We picked 11002 because it was the last AF on the starboard side and it was under the spa, which (to me) meant the likeliness of noise would be close to zero (this proved to be true). We also thought that 11002 would have only one neighbor, which also reduced the chance of noise. However, we didn't know that there were several cabins forward of our cabin that were used for crew members. In fact, Darin Wyman (our Cruise Director) was right next door! As it turned out, noise was never a factor at all.
Since 11002 was all the way forward, it did lead to lots of walking when we wanted to do anything at the stern of the ship (mainly dining in Tsar's Palace or the Great Outdoors, or going to the Galleria Shops). However, for our purposes, it was still a convenient location since it was below the Spinnaker Lounge and above the Stardust Theater and Jewel Club Casino (all places that we frequented).
The two beds had been prepared as a single bed. We asked the steward to separate the beds and it was done later in the afternoon. We also requested extra towels to be supplied throughout the cruise - no problem there either. Two bathrobes were hanging in the closet and two beach towels were laid out on the bed.
The bathroom was partitioned into three sections. On one side was the toilet, separated from the rest of the bathroom by a sliding door. In the middle was the sink area with several small shelves on the wall, probably adequate for most people's toiletries. A liquid soap dispenser is mounted on the wall. There is also a shelf under the sink with a built-in trash bin. Also mounted on the side wall is a Kleenex dispenser. On the left side of the bathroom is the tub. The tub is very deep, so getting in and out of the tub may not be as easy as at home. There's a clothesline above the tub and the tub has a 3-part sliding door, not a curtain. The tub's water controls might be a little tricky to some: instead of a cold water knob and a hot water knob, there is just a single water knob (on the left) for water pressure. The temperature of the water is controlled by a knob on the right, with the temperature indicated in degrees Celsius.
Our steward was courteous and professional throughout the cruise, although he never did introduce himself to us - something that doesn't bother us at all but I know is important to some. He also made quite a few towel animals for us - not something that makes or breaks a cruise for us but still fun. I think we ended up getting five towel animals. We also received chocolate mints on our pillows every night. We were so happy with our steward that we gave him an additional tip at the end of the cruise on top of the automatic gratuity.
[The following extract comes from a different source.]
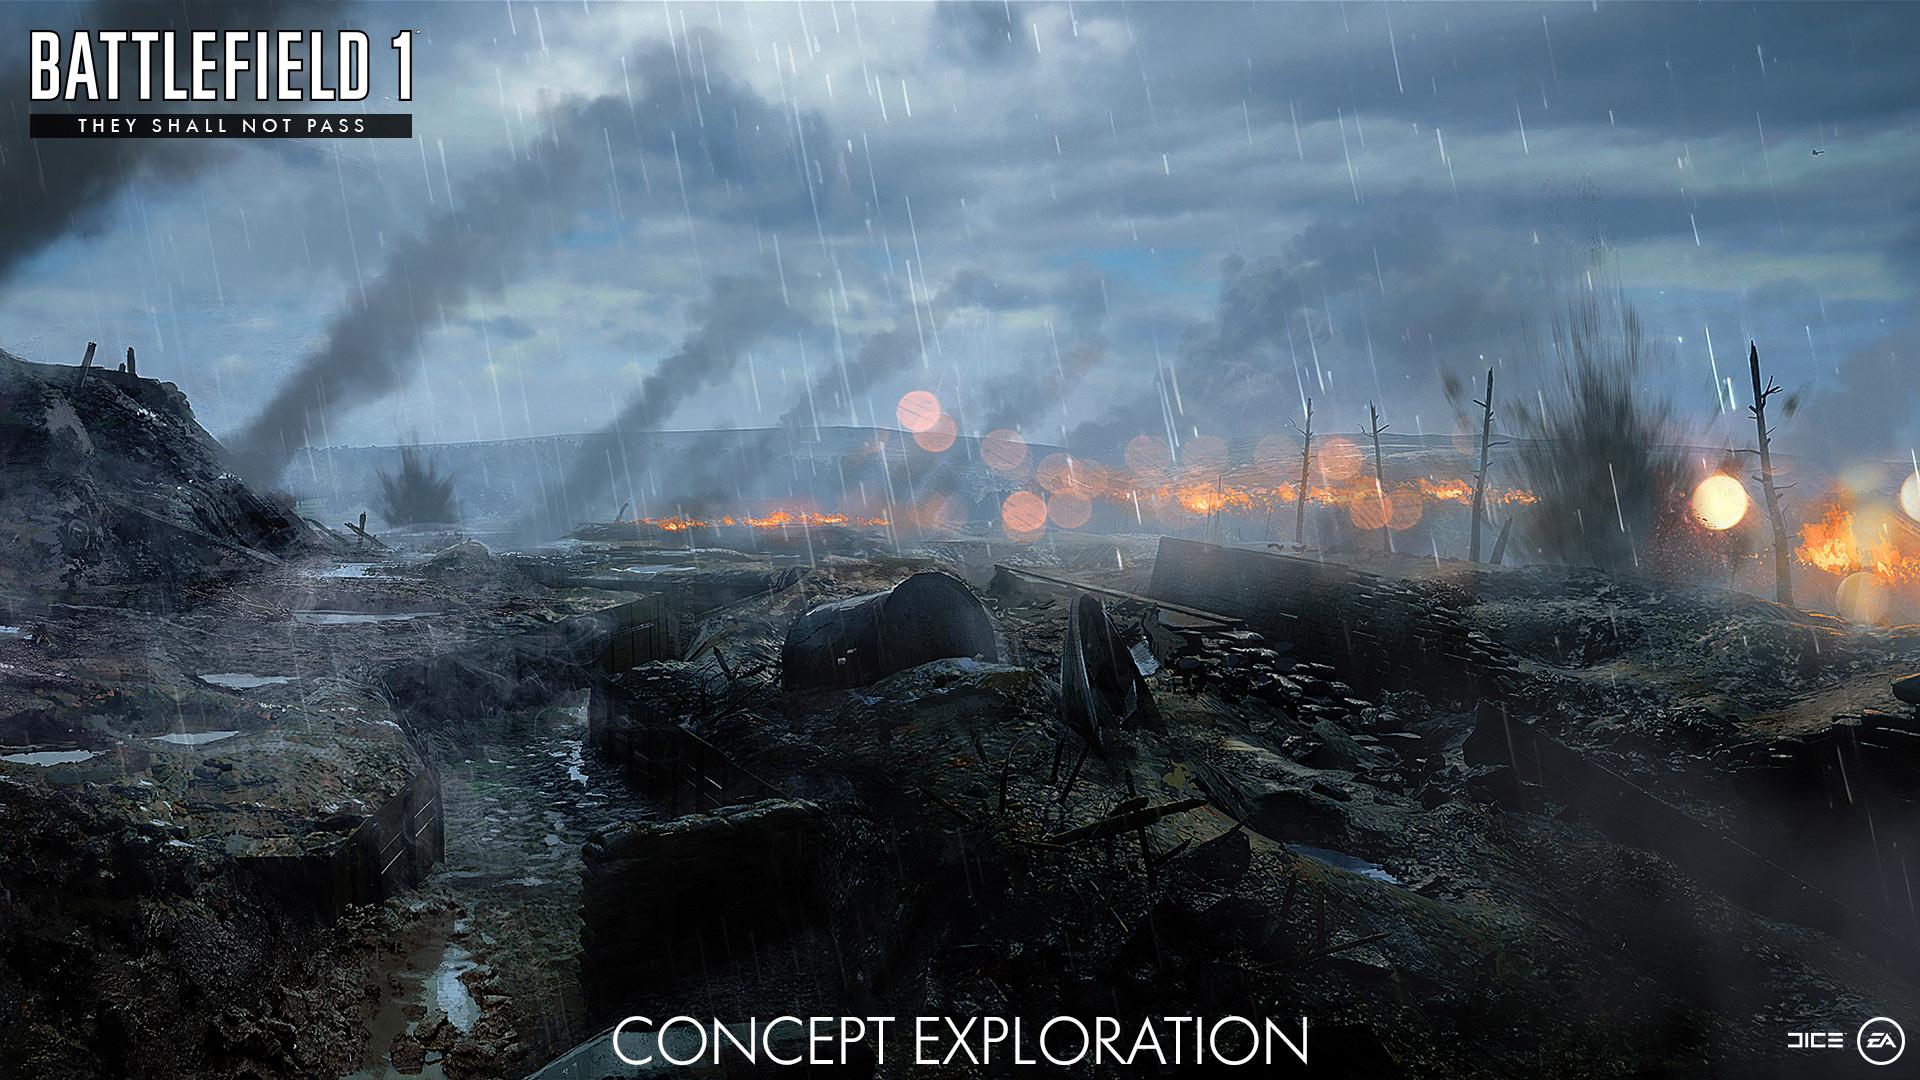 Battlefield 1 DLC: They Shall Not PassBattlefield 1 DLC: They Shall Not Pass

Muster Drill The muster drill was held at 3:30pm, right before sailaway. Our muster station was in the Stardust Theater. It was quick and easy and took only 15-20 minutes.
OBC There's always a little apprehension as to whether one's OBC is going to be accurately credited. I had printed out email confirmations from my TA indicating the exact amount that I should be receiving. Fortunately, this proved unnecessary because in our cabin on embarkation day were NCL statements accurately detailing all of the OBC credits that I was expecting.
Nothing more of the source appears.